— What to work on —
Output exactly, and only, the lines below from the one with "Linjer + July" down to the one with "Cheeky X-5 Beads". Include both end lines and no pictures.

— Dataset excerpt —
***

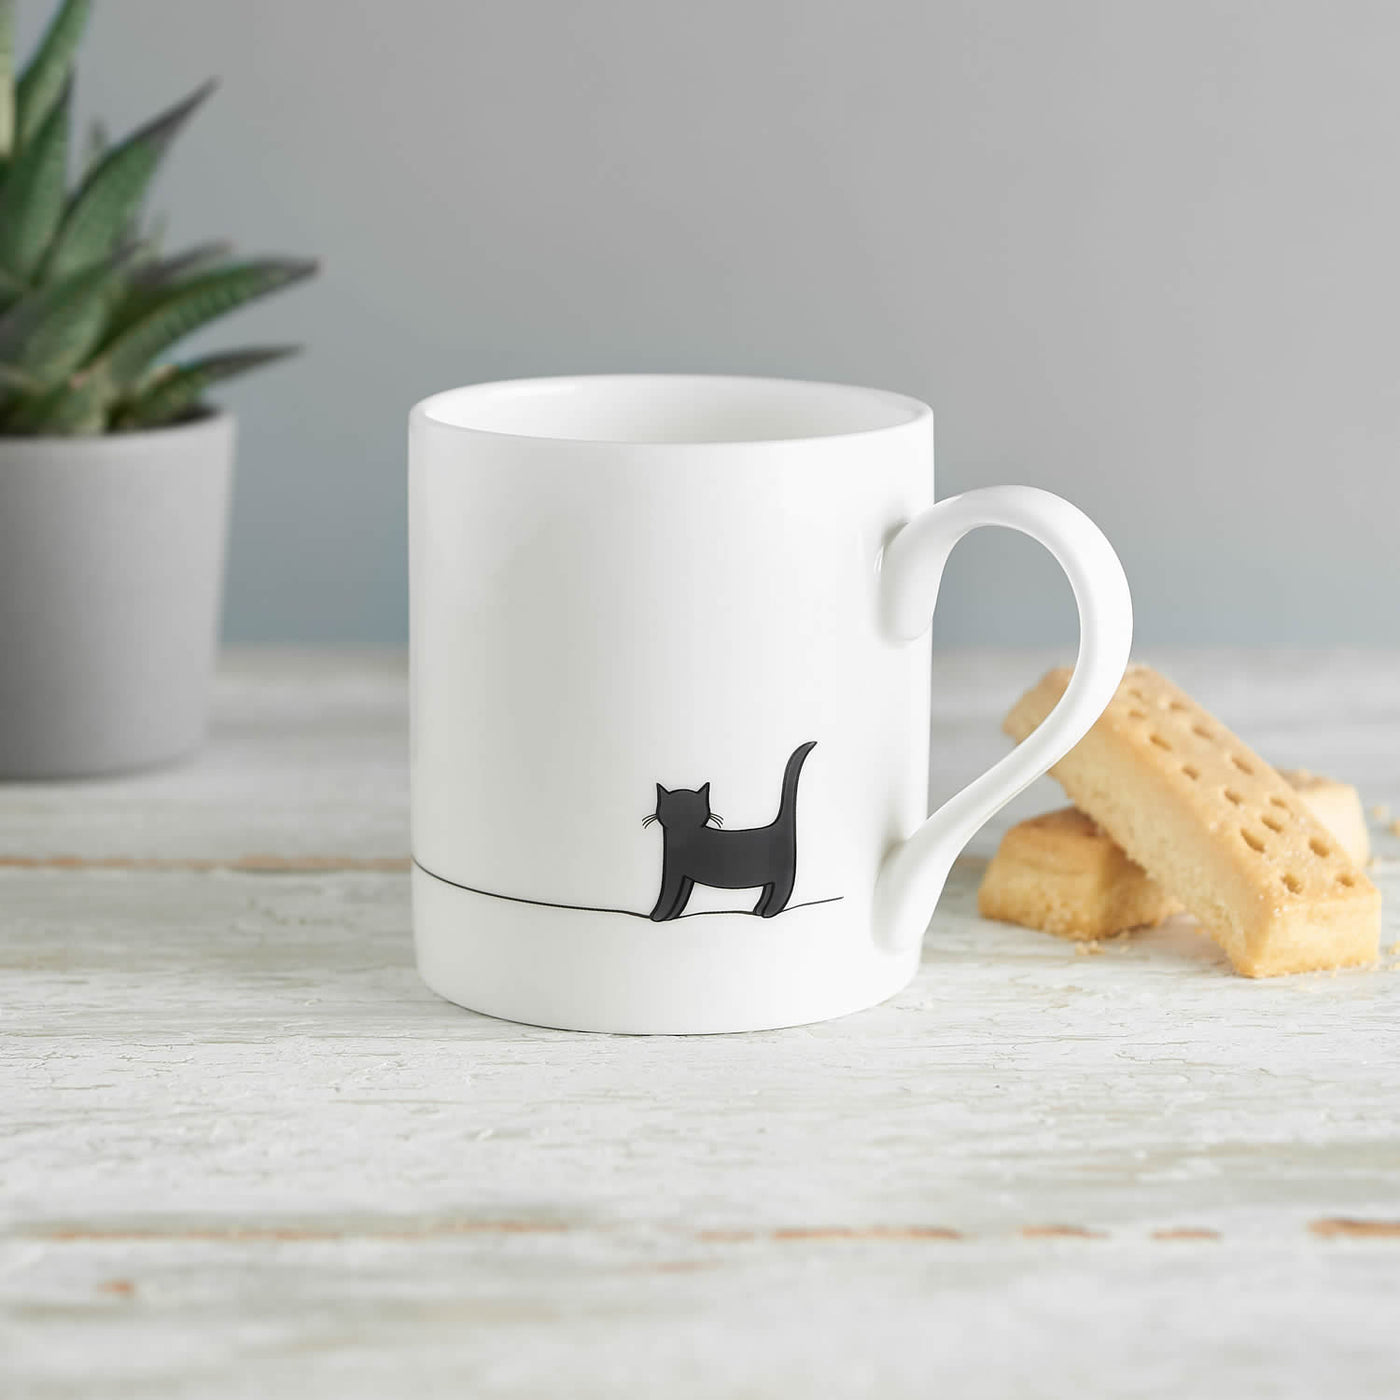 Standing Cat Mug with Shortbread
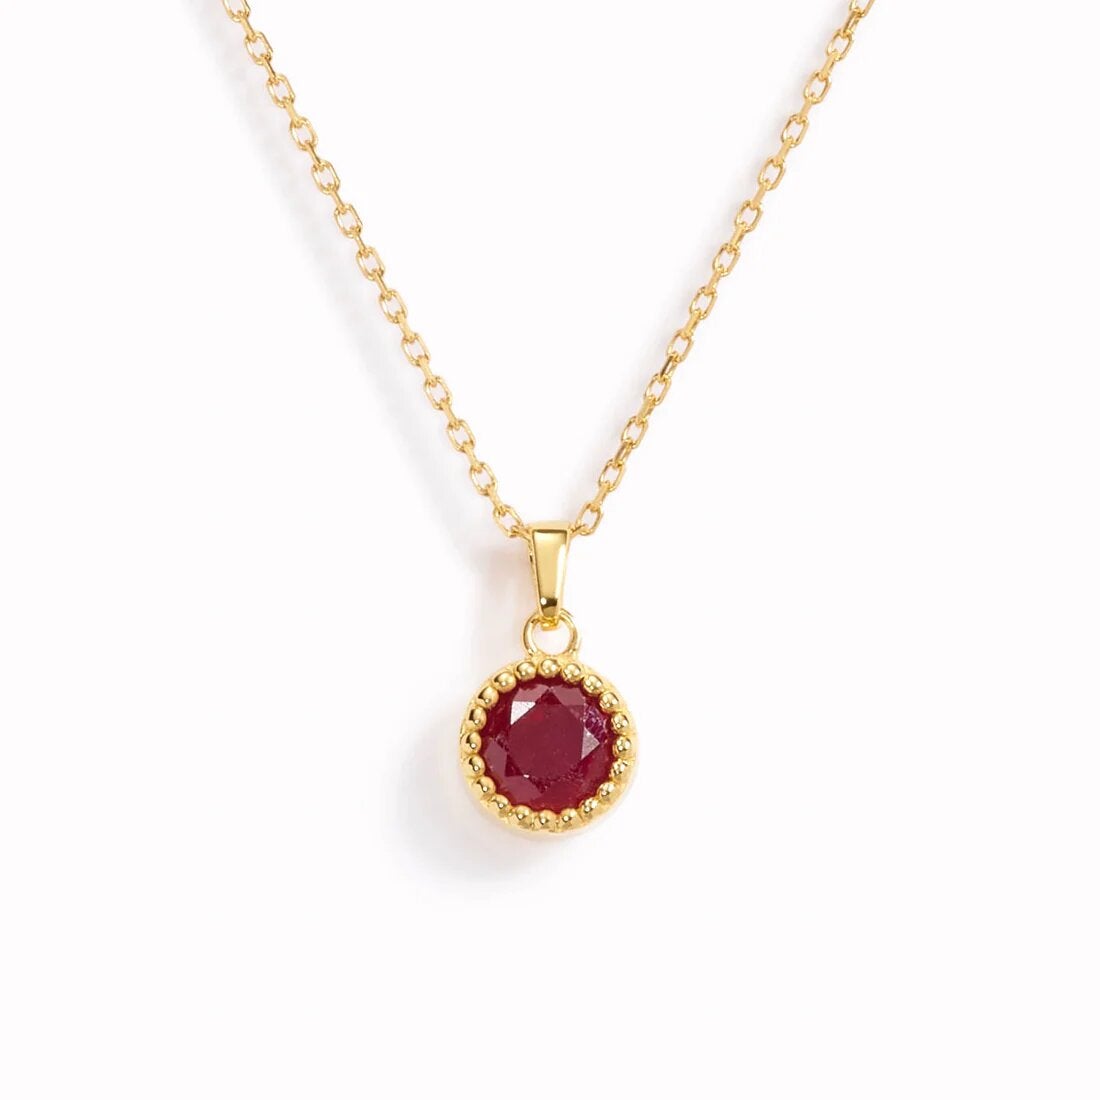 Linjer + July Birthstone Necklace – Opaque Ruby
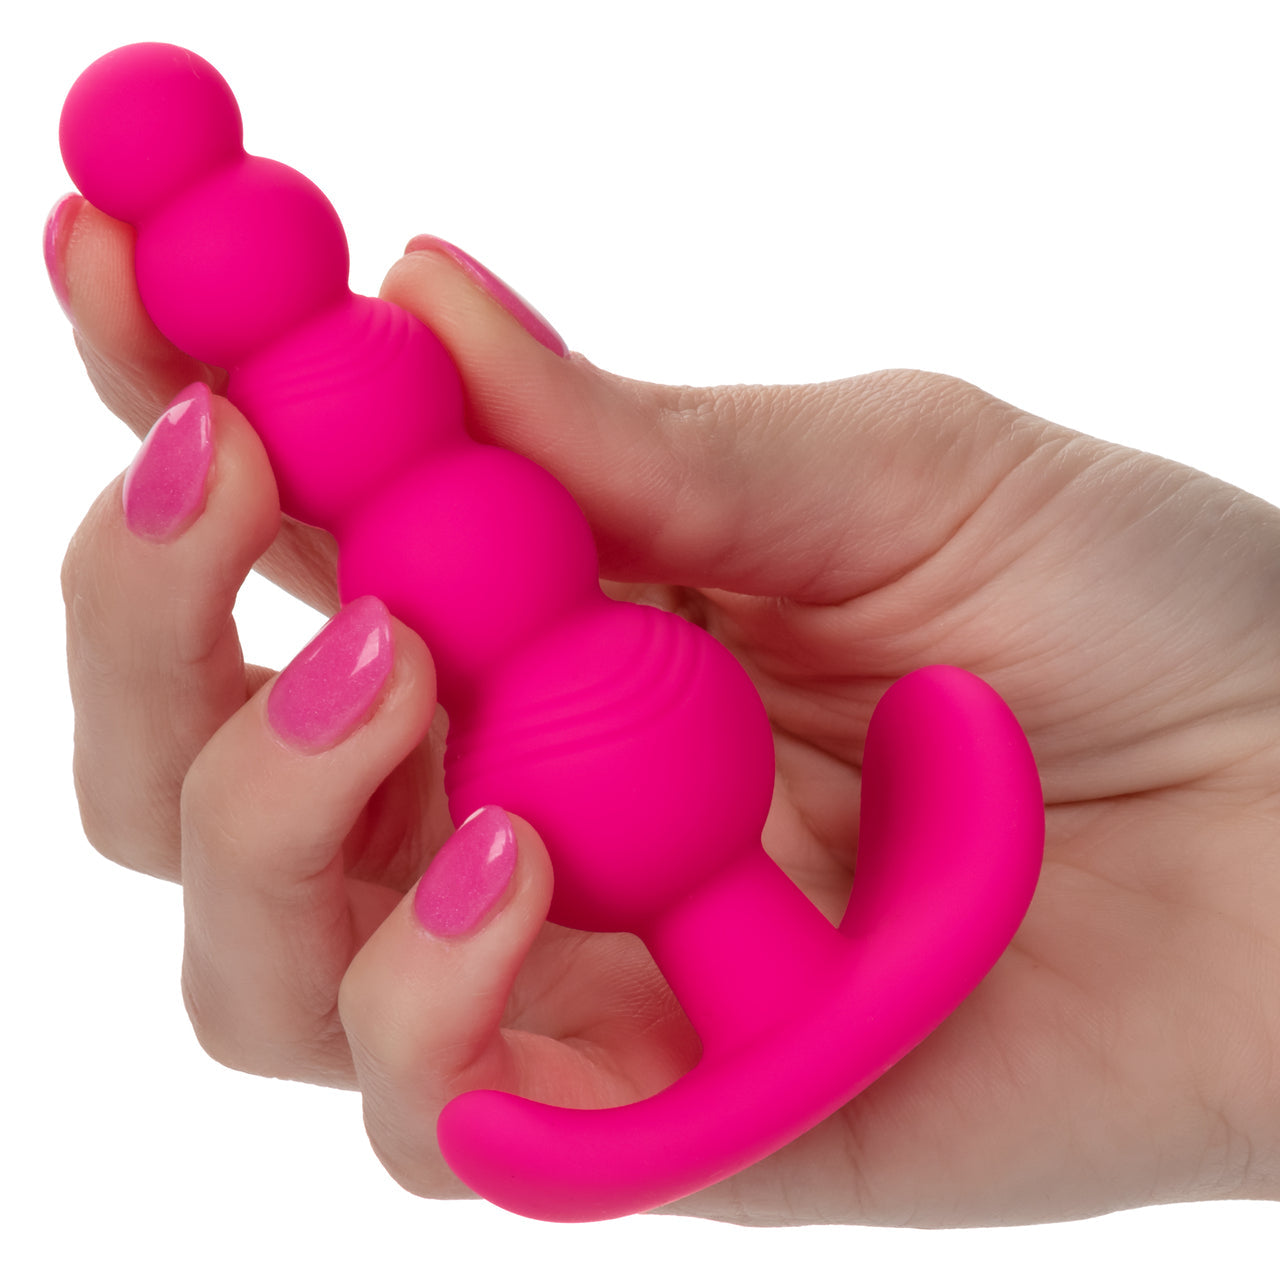 Cheeky X-5 Beads - Thorn & Feather Sex Toy Canada
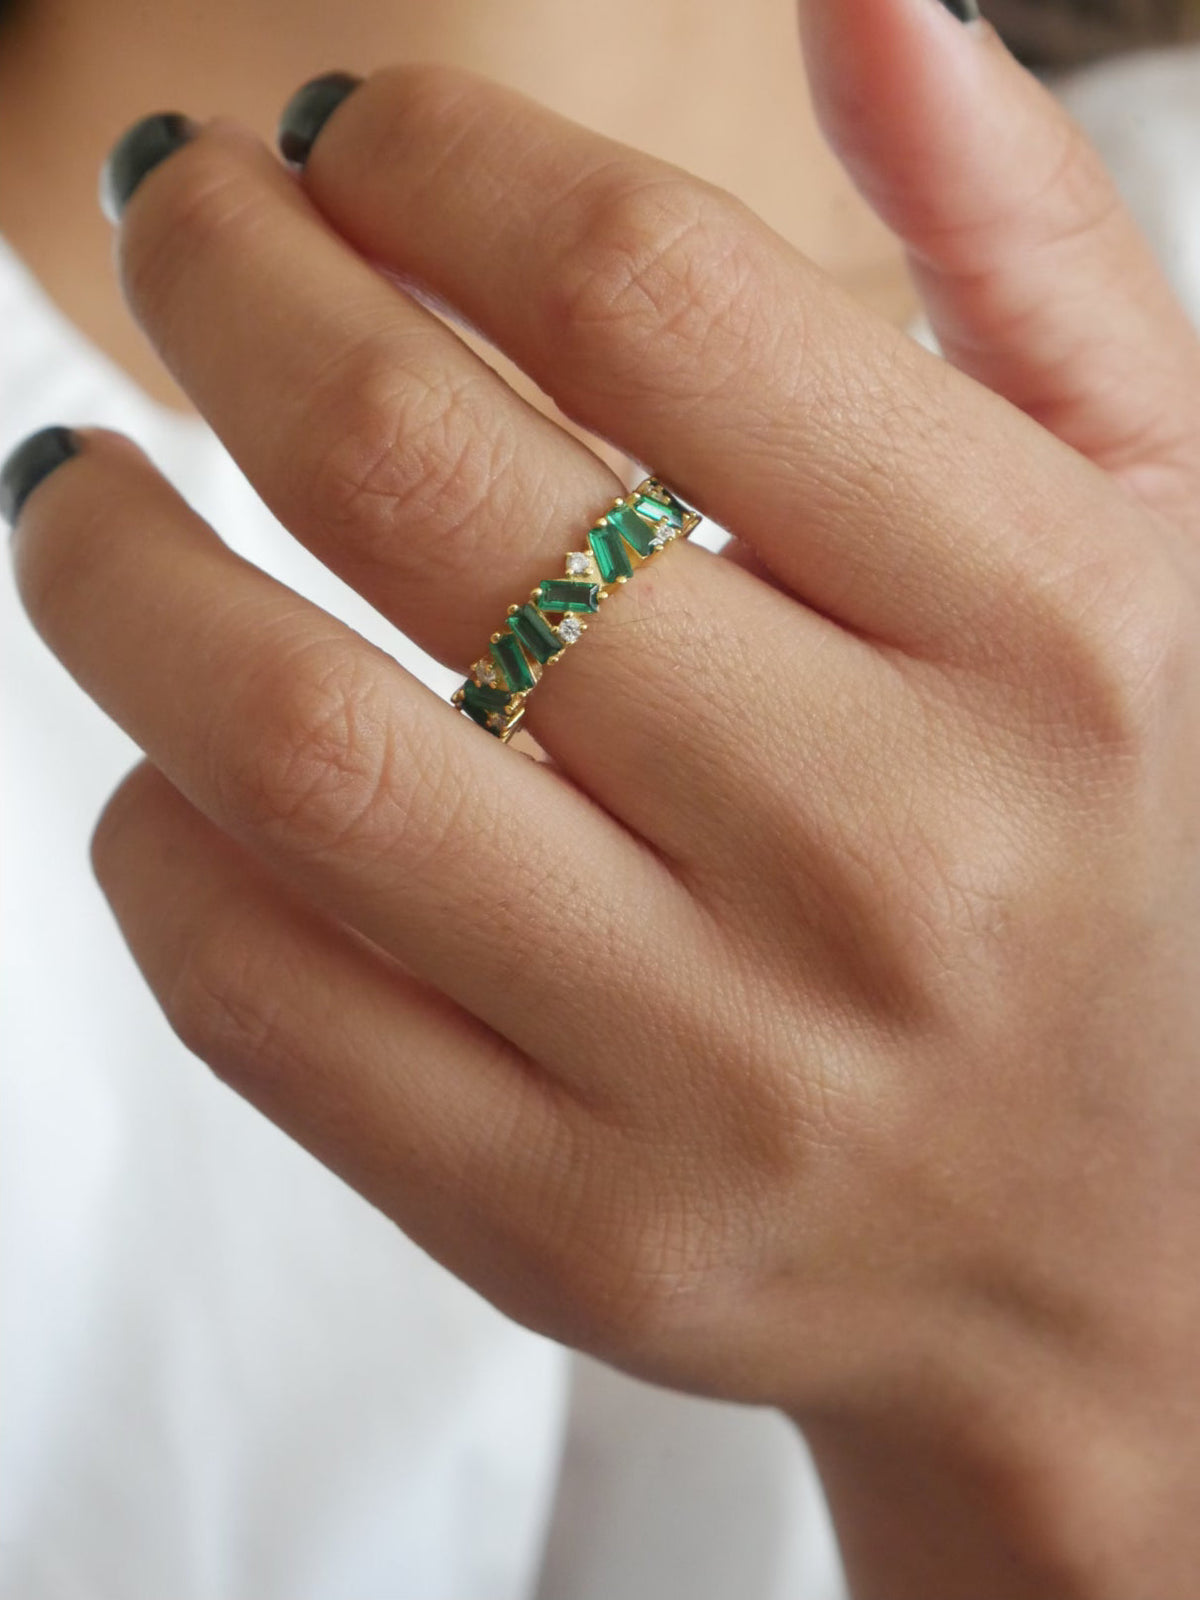 ring, rings, emerald rings, eternity rings, womens rings, green rhinestone rings, wedding bands, cheap wedding bands, emerald wedding bands, statement rings, womens jewelry, cute rings, ring ideas, dainty rings, gold vermeil rings, gold plated rings, trending jewelry, popular rings, nice jewelry, fine jewelry, size 6 rings, size 7 rings, sterling silver rings,size 9 rings , kesley jewelry, cool rings, birthday gifts, anniversary gifts, valentines gifts

***

— Exercise response —
 Linjer + July Birthstone Necklace – Opaque Ruby
 Cheeky X-5 Beads - Thorn & Feather Sex Toy Canada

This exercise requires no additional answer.